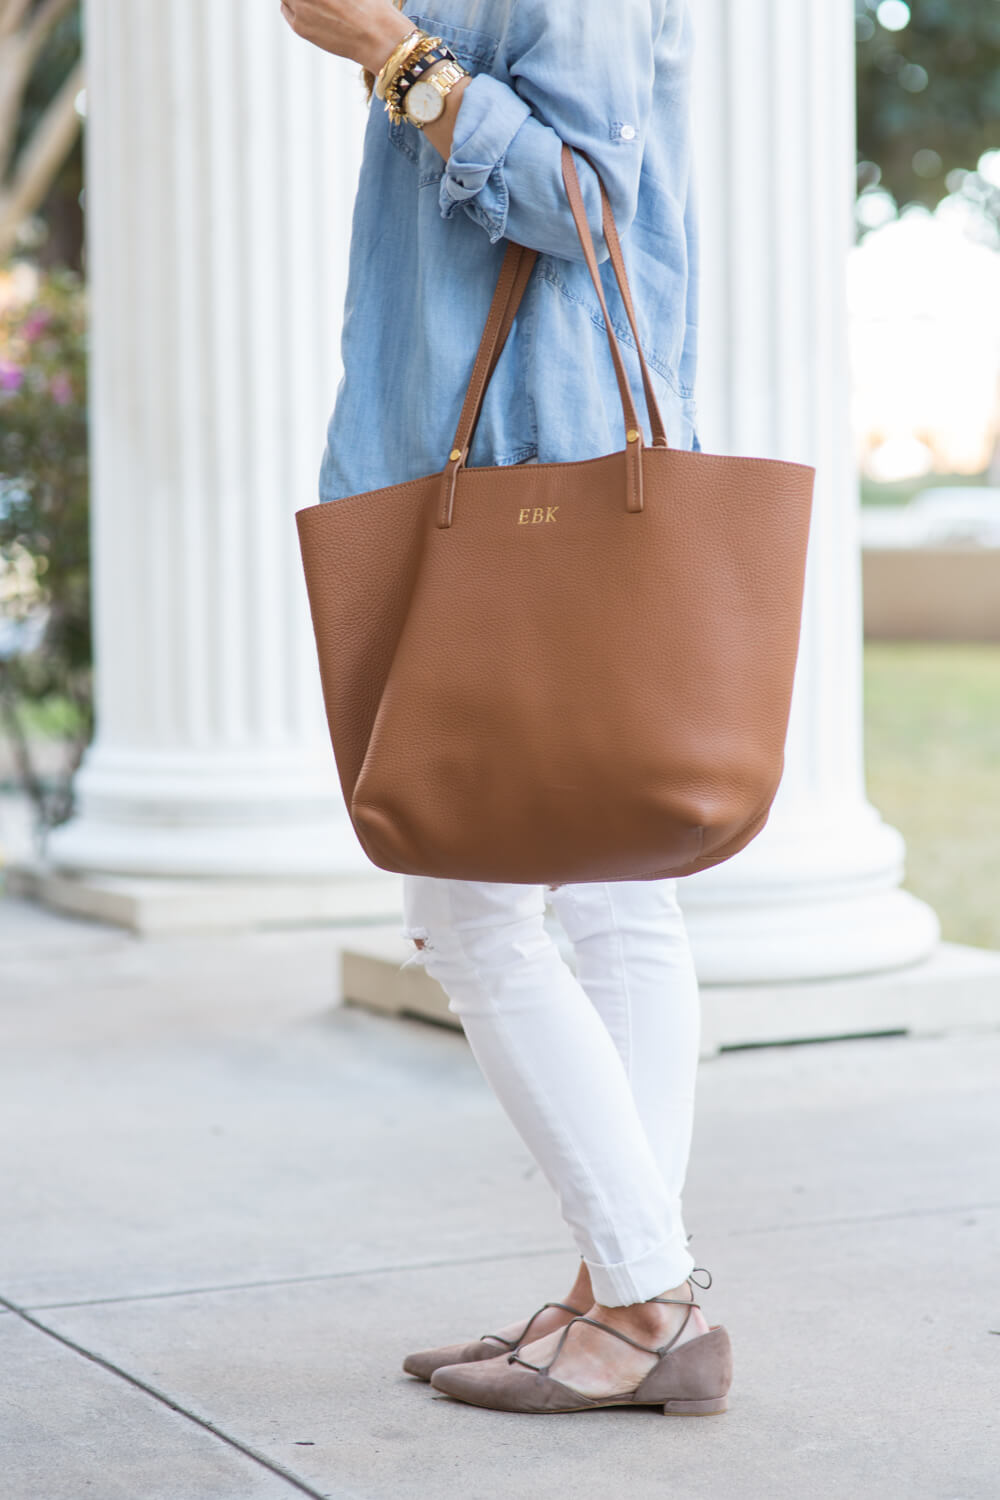 brighton the day wearing white jeans, stuart weitzman taupe suede flats, gigi ny cognac leather everyday tote
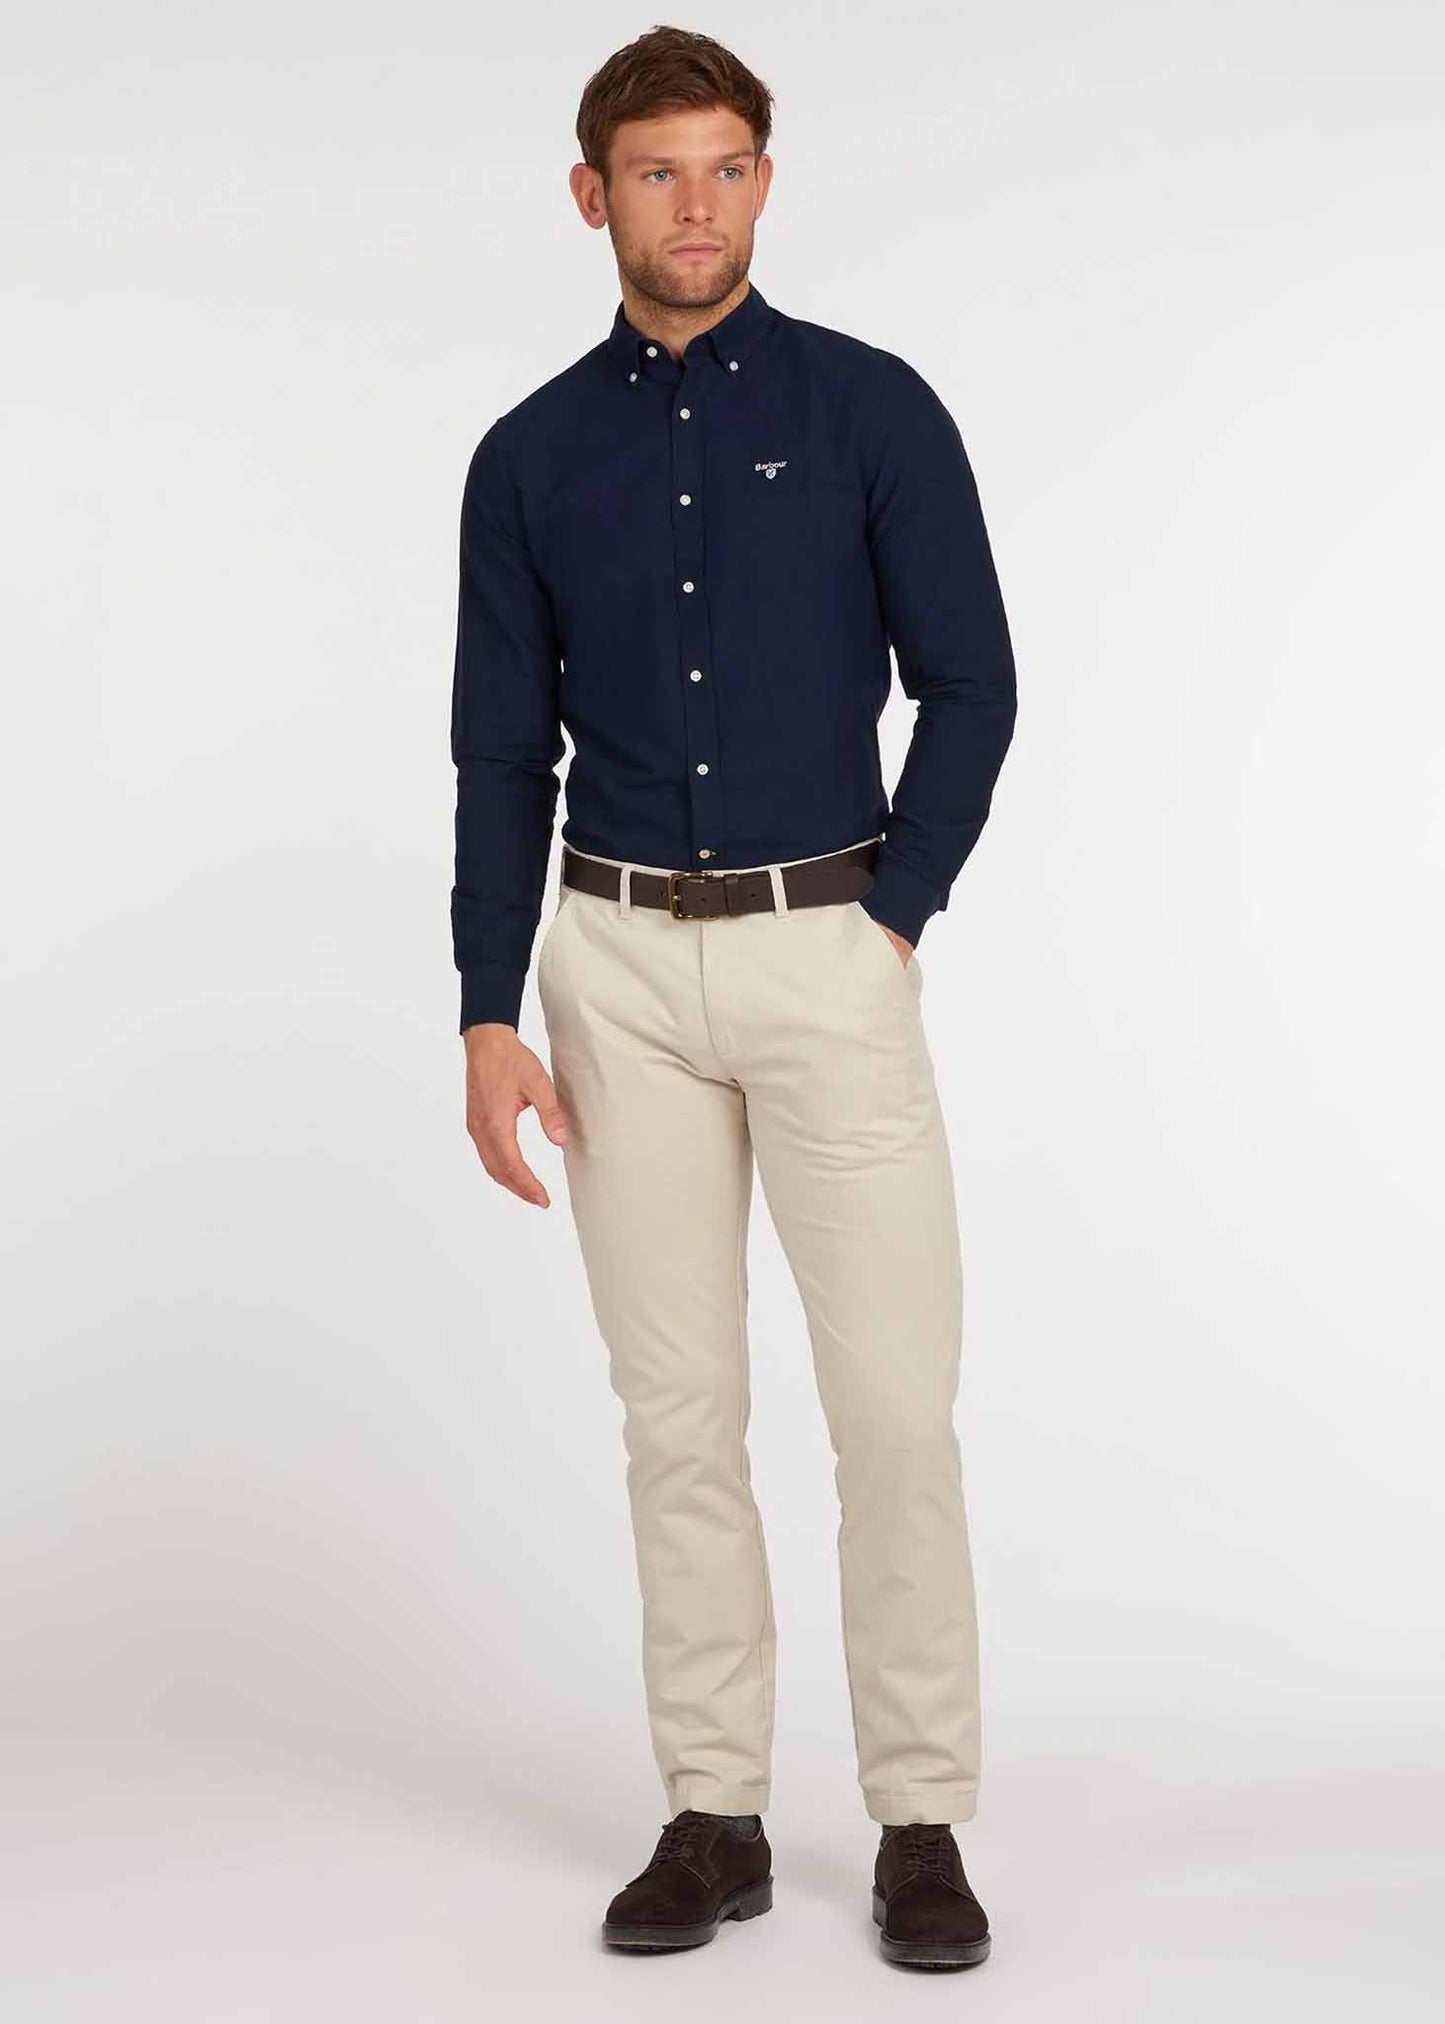 Oxford 3 tailored shirt - navy
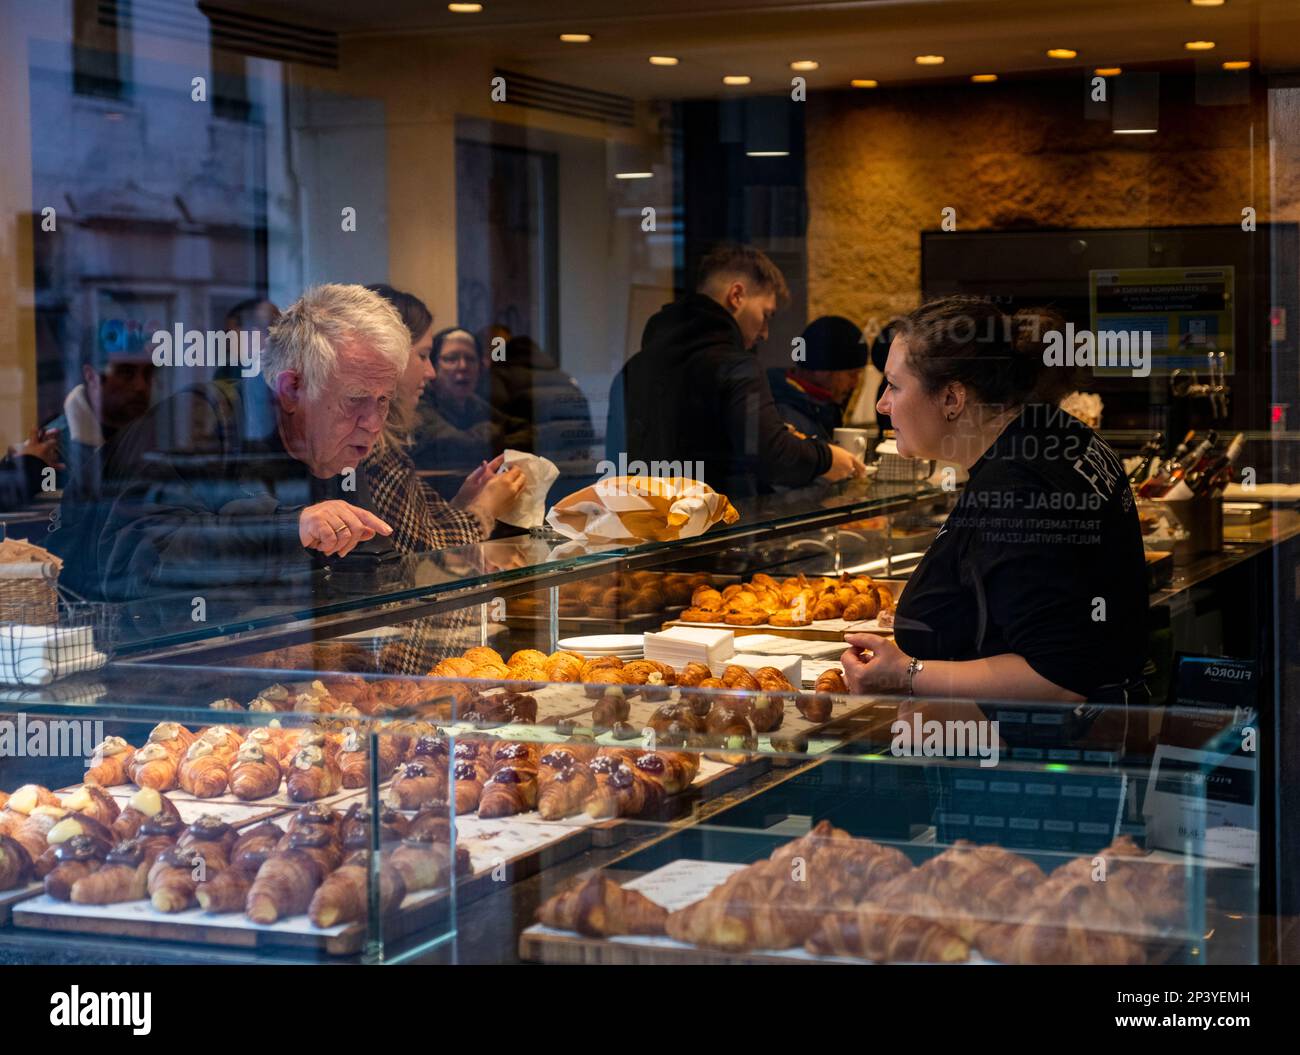 A senior man points to a pastry in a Patisserie shop, Venice, Italy Stock Photo
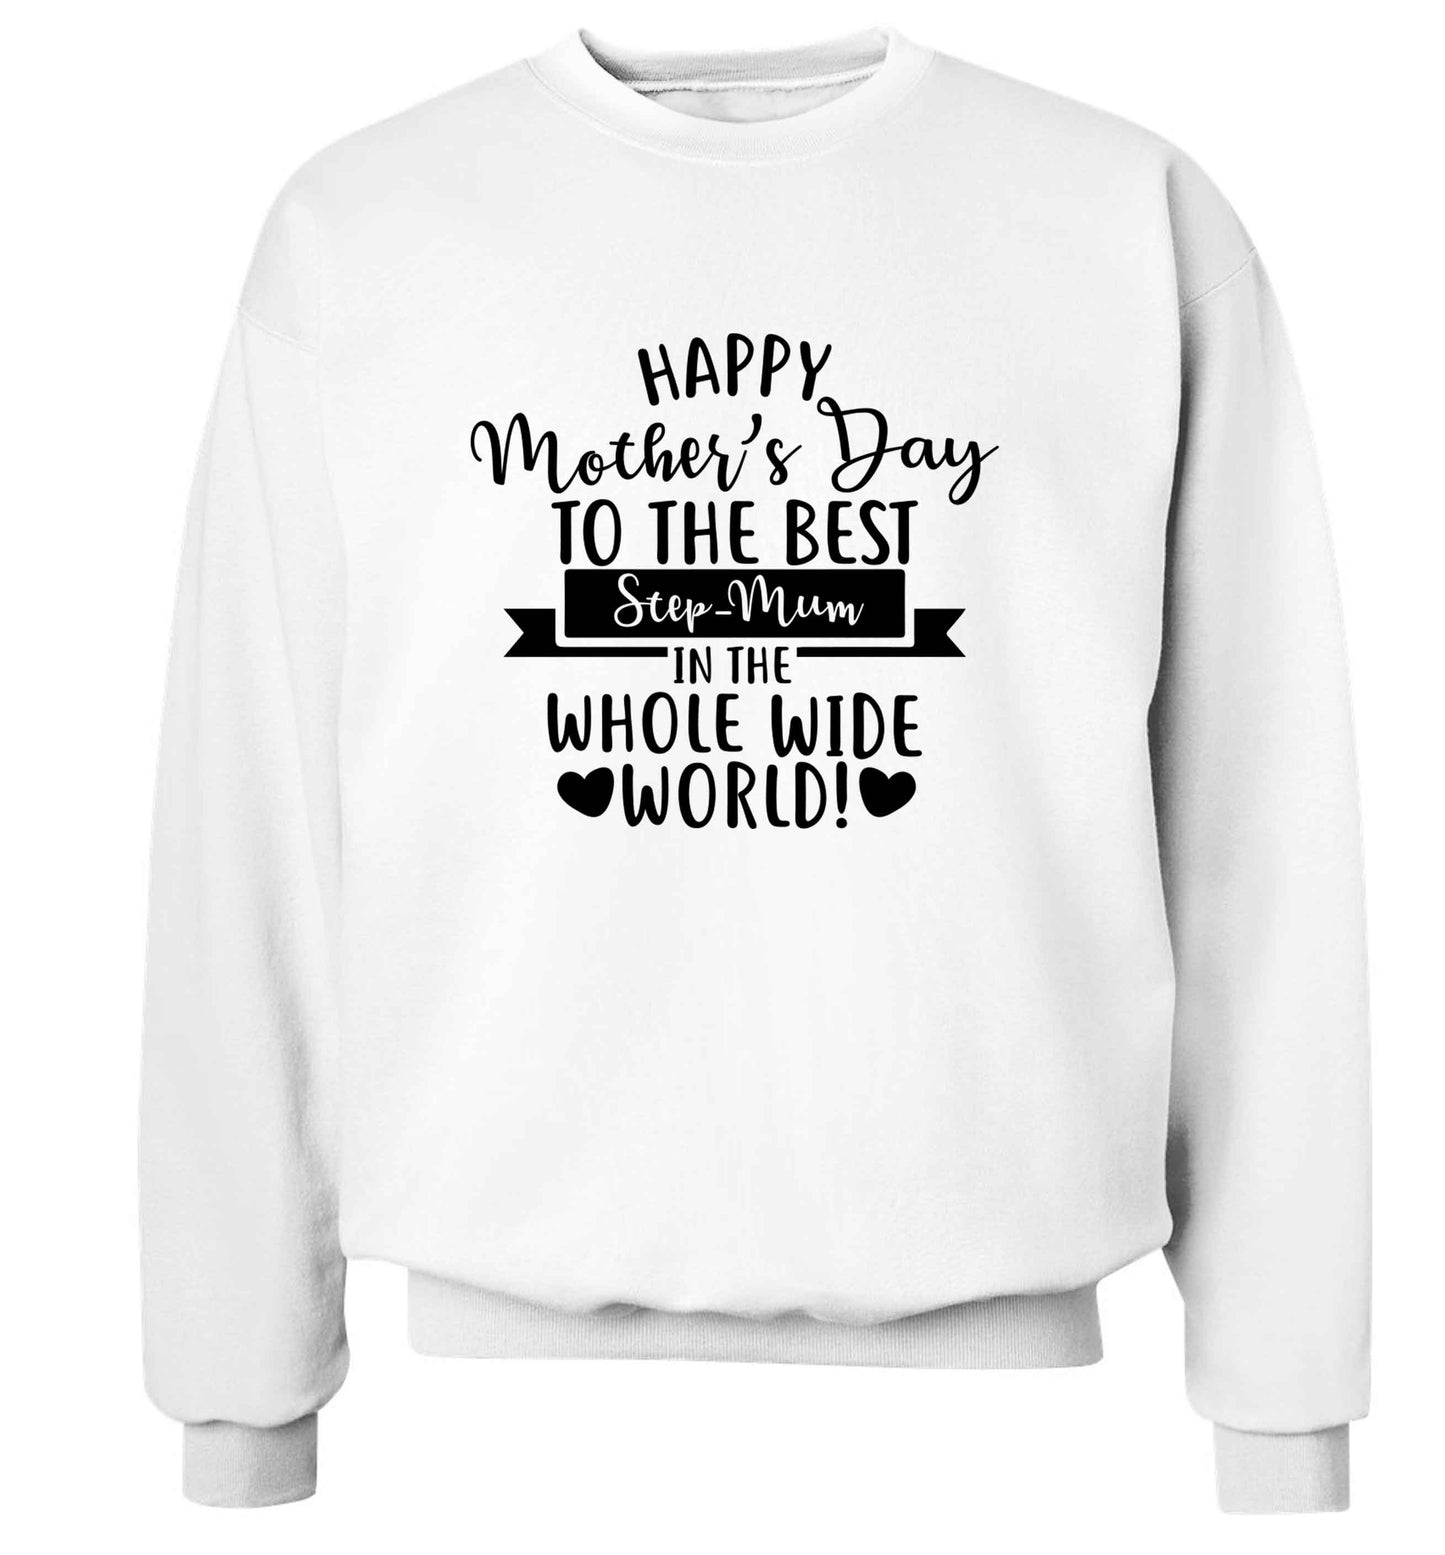 Happy mother's day to the best step-mum in the world adult's unisex white sweater 2XL

WHAT THE TASK REQUIRES.
No pictures belong in the copy. Retype exactly, and only, the lines from the line containing "A senior man" through the last line of the data, both included.

OUTPUT BELOW.
 A senior man points to a pastry in a Patisserie shop, Venice, Italy Stock Photo
 Happy mother's day to the best step-mum in the world adult's unisex white sweater 2XL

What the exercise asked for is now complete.